Article VII: Liability of Directors
No director of the Corporation shall be personally liable to the Corporation or its stockholders for monetary damages for breach of fiduciary duty as a director; provided however, that the foregoing clause shall not eliminate or limit the liability of a director (i) for any breach of the director's duty of loyalty to the Corporation or its stockholders, (ii) for acts or omissions not in good faith or which involve intentional misconduct or a knowing violation of law, (iii) under Section 174 of the DGCL, or (iv) for any transaction from which the director derived an improper personal benefit.
Article VIII: Duration
The duration of the Corporation shall be perpetual.
Article IX: Election Regarding Section 203
The Corporation expressly elects not to be governed by Section 203 of the General Corporation Law of the State of Delaware, regarding business combinations with interested stockholders.
Article X: Stockholder Meetings
A. Action by Written Consent. Any action required or permitted to be taken at any annual or special meeting of stockholders of the Corporation may be taken without a meeting, without prior notice and without a vote, if a consent or consents setting forth the action so taken shall be signed by a majority of such stockholders, as permitted under the DGCL.
B. Special Meetings of Stockholders. Subject to the rights of the holders of any series of preferred stock, and to the requirements of applicable law, special meetings of stockholders may be called only by either (a) the chair of the board of directors, president, or other officer of the Corporation, (b) by the board of directors pursuant to a resolution adopted by a majority of the total number of directors which the Corporation would have if there were no vacancies, or (c) by the holders of a majority or more of the total votes entitled to be cast by the holders of all the outstanding capital stock of the Corporation entitled to vote generally on the election of directors.
C. Election of Directors by Written Ballot.
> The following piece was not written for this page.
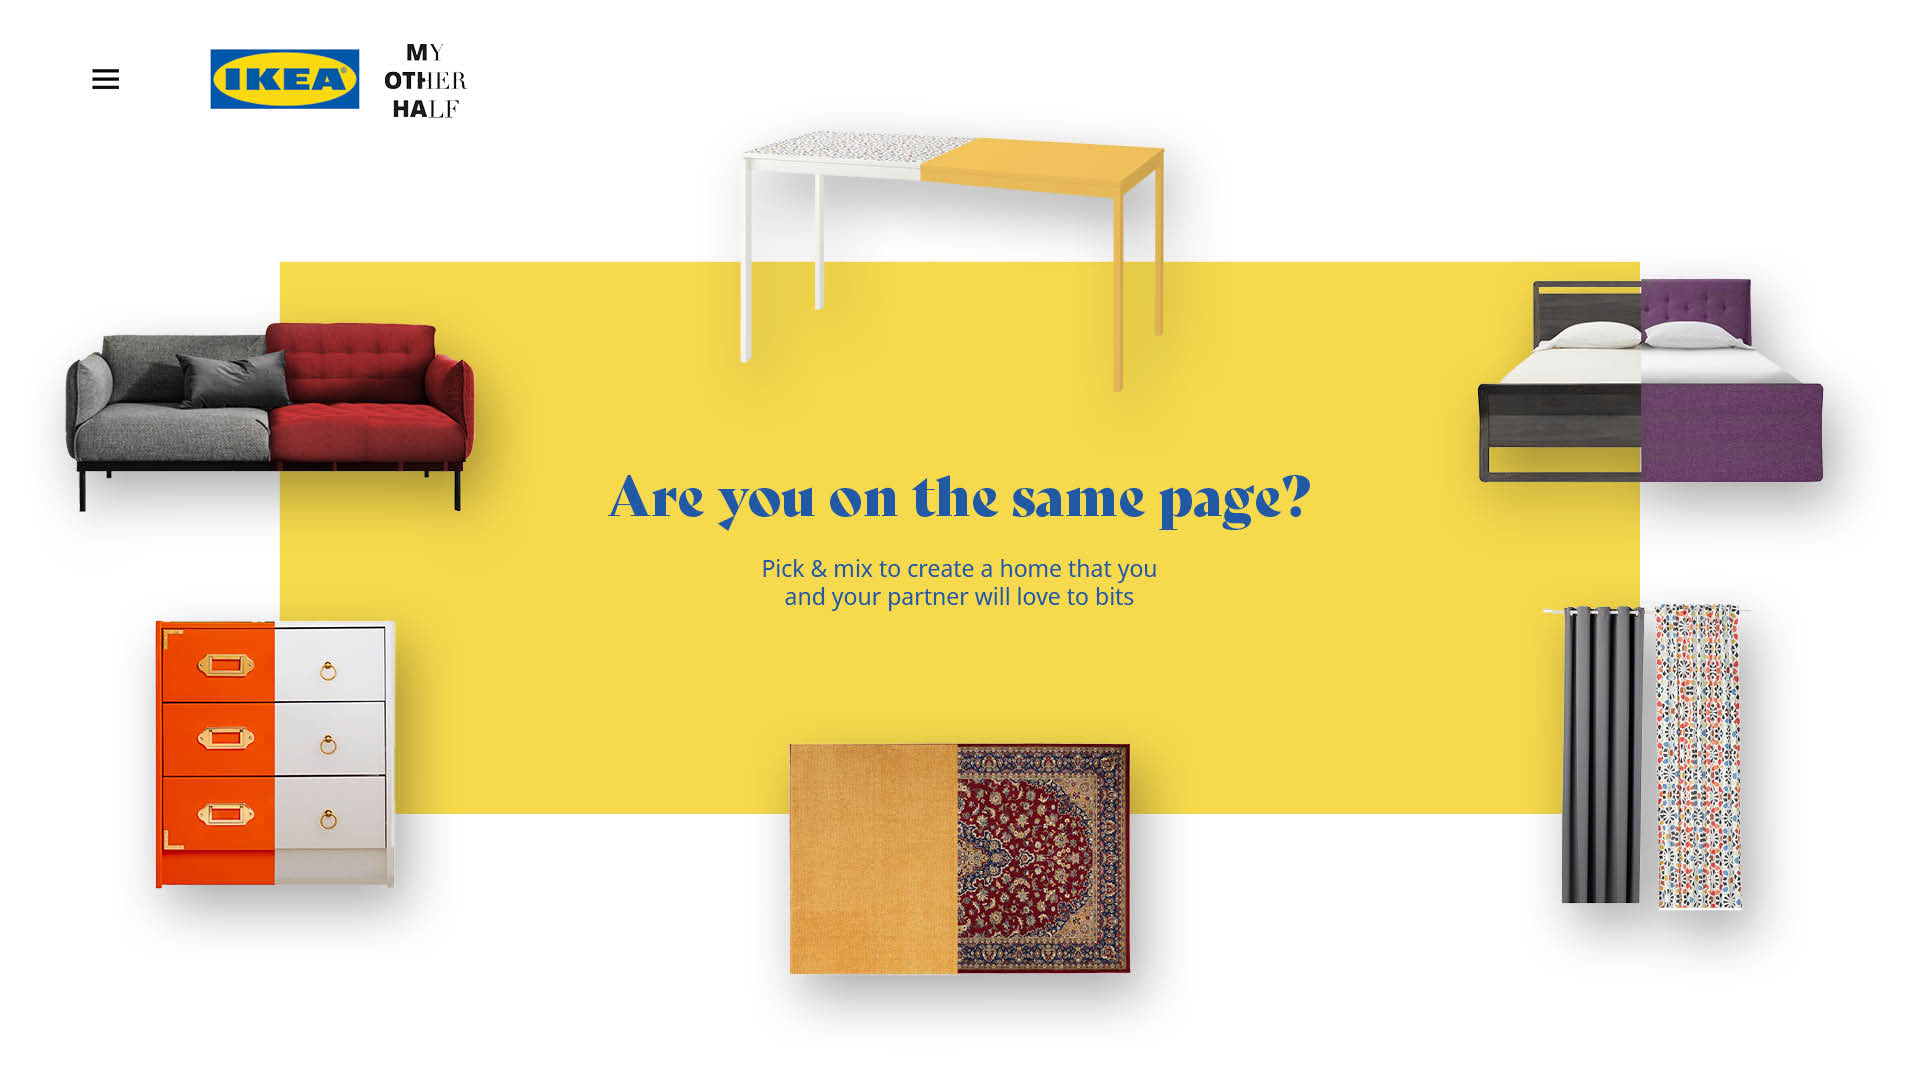 IKEA website that demonstrates customization functionality as a part of My Other Half campaign designed by Tatiana Diakonova (BA Graphic Communication)

Election of directors need not be by written ballot.
D. Cumulative Voting. Stockholders shall not be entitled to cumulative voting in the elections of directors.
Article XI: Indemnification; Advancement of Expenses
The Corporation shall indemnify and advance expenses to, and hold harmless, to the fullest extent permitted by applicable law as it presently exists or may hereafter be amended, any person (an “Indemnitee”) who was or is made or is threatened to be made a party or is otherwise involved in any action, suit or proceeding, whether civil, criminal, administrative or investigative (a “proceeding”), by reason of the fact that he, or a person for whom he is the legal representative, is or was a director or an officer of the Corporation or, while a director or an officer of the Corporation, is or was serving at the request of the Corporation as a director, officer, employee or agent of another corporation or of a partnership, joint venture, trust, enterprise or nonprofit entity, including service with respect to employee benefit plans, against all liability and loss suffered and expenses (including attorneys’ fees) reasonably incurred by such Indemnitee. Notwithstanding the preceding sentence, the Corporation shall be required to indemnify, or advance expenses to, an Indemnitee in connection with a proceeding (or part thereof) commenced by such Indemnitee only if the commencement of such proceeding (or part thereof) by the Indemnitee was authorized by the board of directors of the Corporation.
Article XII: Amendments to the Certificate of Incorporation and By-Laws
A. Amendments to the Certificate of Incorporation. Notwithstanding any other provision of this Certificate of Incorporation, and notwithstanding that a lesser percentage may be permitted from time to time by applicable law, no provision of Articles VII, XI or this Article XII may be altered, amended or repealed in any respect (including by merger, consolidation or otherwise), nor may any provision inconsistent therewith be adopted, unless such alteration, amendment, repeal or adoption is approved by the affirmative vote of the holders of at least sixty-six and two-thirds percent (66 2/3%) percent of the capital stock of the Corporation entitled to vote generally on the election of directors, voting together as a single class.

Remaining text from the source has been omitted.